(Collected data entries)
* * * *

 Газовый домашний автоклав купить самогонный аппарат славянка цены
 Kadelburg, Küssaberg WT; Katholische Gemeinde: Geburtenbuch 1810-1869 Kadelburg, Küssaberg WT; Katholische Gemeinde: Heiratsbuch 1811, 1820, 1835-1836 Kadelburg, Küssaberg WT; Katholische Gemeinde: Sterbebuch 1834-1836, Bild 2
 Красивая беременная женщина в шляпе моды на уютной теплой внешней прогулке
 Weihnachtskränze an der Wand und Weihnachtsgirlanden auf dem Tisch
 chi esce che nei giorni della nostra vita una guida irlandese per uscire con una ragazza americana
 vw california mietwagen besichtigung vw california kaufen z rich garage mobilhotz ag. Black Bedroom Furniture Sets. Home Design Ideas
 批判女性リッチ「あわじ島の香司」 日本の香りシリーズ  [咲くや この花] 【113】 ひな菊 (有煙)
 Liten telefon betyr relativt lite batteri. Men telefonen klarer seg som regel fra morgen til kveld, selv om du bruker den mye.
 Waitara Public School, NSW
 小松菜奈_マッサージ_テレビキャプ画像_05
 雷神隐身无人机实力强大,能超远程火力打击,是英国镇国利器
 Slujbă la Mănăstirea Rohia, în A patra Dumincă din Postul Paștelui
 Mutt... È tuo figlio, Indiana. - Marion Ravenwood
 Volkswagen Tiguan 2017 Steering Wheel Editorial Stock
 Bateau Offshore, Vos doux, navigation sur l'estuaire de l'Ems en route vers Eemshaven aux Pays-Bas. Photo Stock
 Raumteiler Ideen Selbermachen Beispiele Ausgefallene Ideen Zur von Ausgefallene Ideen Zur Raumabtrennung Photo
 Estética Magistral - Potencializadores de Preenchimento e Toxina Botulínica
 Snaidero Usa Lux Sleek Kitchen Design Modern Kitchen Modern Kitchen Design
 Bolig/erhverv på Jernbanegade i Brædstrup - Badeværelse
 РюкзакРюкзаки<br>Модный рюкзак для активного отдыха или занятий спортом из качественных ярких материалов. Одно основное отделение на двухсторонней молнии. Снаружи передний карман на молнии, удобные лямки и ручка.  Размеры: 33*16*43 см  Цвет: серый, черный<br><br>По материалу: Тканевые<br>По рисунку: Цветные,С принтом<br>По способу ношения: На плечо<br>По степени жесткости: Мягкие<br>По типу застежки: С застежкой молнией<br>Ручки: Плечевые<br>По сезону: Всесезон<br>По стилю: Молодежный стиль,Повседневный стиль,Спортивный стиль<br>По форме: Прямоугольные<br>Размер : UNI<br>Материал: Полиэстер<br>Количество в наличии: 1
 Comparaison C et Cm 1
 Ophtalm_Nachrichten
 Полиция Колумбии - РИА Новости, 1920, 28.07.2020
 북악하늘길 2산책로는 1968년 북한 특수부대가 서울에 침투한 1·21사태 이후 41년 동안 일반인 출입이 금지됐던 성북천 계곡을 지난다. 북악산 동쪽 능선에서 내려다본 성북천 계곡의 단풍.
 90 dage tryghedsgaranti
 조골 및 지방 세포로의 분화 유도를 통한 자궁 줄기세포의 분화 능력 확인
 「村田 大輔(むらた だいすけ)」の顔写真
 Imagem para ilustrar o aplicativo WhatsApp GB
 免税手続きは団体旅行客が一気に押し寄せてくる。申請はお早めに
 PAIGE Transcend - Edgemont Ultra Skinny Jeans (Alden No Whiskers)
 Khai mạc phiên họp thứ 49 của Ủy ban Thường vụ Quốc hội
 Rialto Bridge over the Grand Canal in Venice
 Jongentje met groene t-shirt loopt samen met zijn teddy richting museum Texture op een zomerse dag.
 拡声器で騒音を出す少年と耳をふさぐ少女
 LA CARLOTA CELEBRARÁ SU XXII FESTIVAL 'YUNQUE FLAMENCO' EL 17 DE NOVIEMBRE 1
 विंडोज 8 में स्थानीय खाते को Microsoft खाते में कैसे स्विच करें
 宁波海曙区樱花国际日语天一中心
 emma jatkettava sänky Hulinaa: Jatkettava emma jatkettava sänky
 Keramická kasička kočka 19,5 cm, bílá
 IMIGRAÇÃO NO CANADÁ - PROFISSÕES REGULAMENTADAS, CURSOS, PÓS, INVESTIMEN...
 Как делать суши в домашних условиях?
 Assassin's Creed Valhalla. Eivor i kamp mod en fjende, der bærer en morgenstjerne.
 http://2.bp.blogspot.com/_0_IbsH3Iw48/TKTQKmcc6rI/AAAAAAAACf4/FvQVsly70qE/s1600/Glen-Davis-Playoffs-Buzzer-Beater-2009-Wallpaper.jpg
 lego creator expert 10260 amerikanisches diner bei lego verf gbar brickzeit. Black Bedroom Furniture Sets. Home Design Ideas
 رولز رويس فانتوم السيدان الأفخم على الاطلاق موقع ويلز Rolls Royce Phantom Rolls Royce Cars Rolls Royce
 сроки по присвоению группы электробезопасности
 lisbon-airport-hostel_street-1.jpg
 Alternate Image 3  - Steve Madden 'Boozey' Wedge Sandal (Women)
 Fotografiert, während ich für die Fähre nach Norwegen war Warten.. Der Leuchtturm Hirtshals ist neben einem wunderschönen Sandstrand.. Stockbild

* * * *

* Instructions for the task *
Write out exactly the lines above between the line with "chi esce che" and the line with "Mutt... È tuo", inclusive, and nothing beyond them.

* Your response *
 chi esce che nei giorni della nostra vita una guida irlandese per uscire con una ragazza americana
 vw california mietwagen besichtigung vw california kaufen z rich garage mobilhotz ag. Black Bedroom Furniture Sets. Home Design Ideas
 批判女性リッチ「あわじ島の香司」 日本の香りシリーズ  [咲くや この花] 【113】 ひな菊 (有煙)
 Liten telefon betyr relativt lite batteri. Men telefonen klarer seg som regel fra morgen til kveld, selv om du bruker den mye.
 Waitara Public School, NSW
 小松菜奈_マッサージ_テレビキャプ画像_05
 雷神隐身无人机实力强大,能超远程火力打击,是英国镇国利器
 Slujbă la Mănăstirea Rohia, în A patra Dumincă din Postul Paștelui
 Mutt... È tuo figlio, Indiana. - Marion Ravenwood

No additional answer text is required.